Week 3 (6/03/24 - 6/07/24)
This week was more focused on working and completing my first individual autograder. This autograder was for a lab focused on students creating art output using a while loop. I noticed many things while working on this autograder. This included things like the different types of errors students could make, changes to lab instructions to be more open-ended, and how autograders are constantly changing. There were a large number of edge cases that were brought up in our meetings for this week. I was able to address all of these edge cases and moved the code for this autograder into peer review. I was able to complete peer review and move the code into faculty review. I have also read two papers this week more focused on different types of autograders.
- Automatic Assessment of Programming assignment by Surendra Gupta and Shiv Kumar Dubey
This paper focused on designing a new approach to designing an autograder. Typical autograders will run certain test cases by providing specific inputs to a student’s code and expecting a certain output. However, this paper proposes an inverse approach to grading student’s programs. The approach takes the student’s ouput and uses it as input to a verification program. If the verification program produces the correct output, then the student’s program is deemed correct. The researchers tested this verification program on an introductory programming course in C and noticed favorable results. However, the assignments used were pretty basic, which is a limitation of the study.
- The Marmoset project: an automated snapshot, submission, and testing system by Jaime Spacco, William Pugh, Nat Ayewah, and David Hovemeyer.

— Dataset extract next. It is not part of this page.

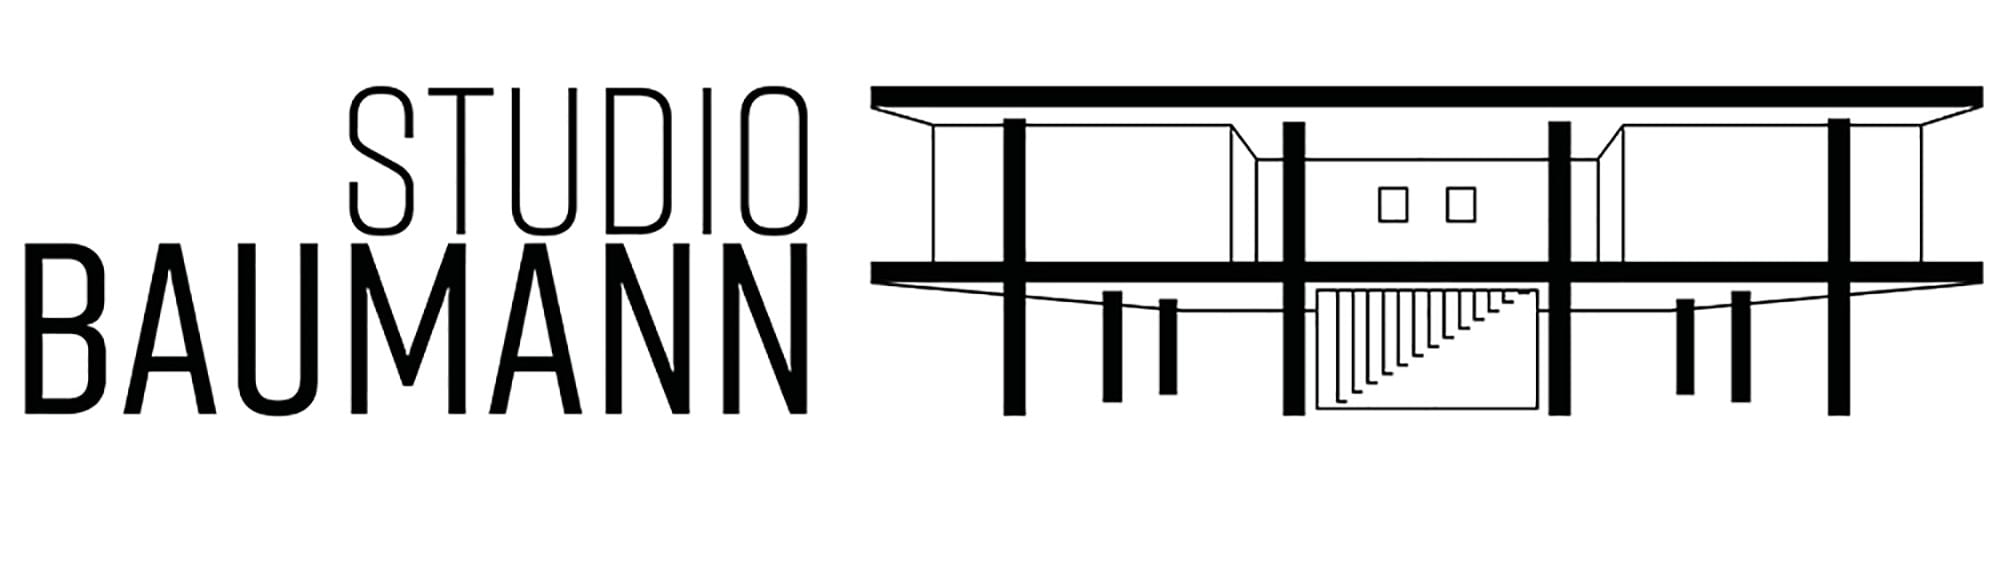 Studio Baumann

This paper focused on presenting a new framework for student submissions that would be more beneficial. The approach proposed in this paper was to store snapshots of each student submissions but also limit their submissions. Students would be given 2-3 tokens (submissions) for each assignment. Upon using a token, it would take roughly 24 hours for a new one to be given, which encourages students to start and submit early. Also, the autograder only presented the name of the first two errors of a student’s program, which encouraged students to try and find the bugs on their own. This approach is meant to move students away from the trail and error approach which can be beneficial in some cases.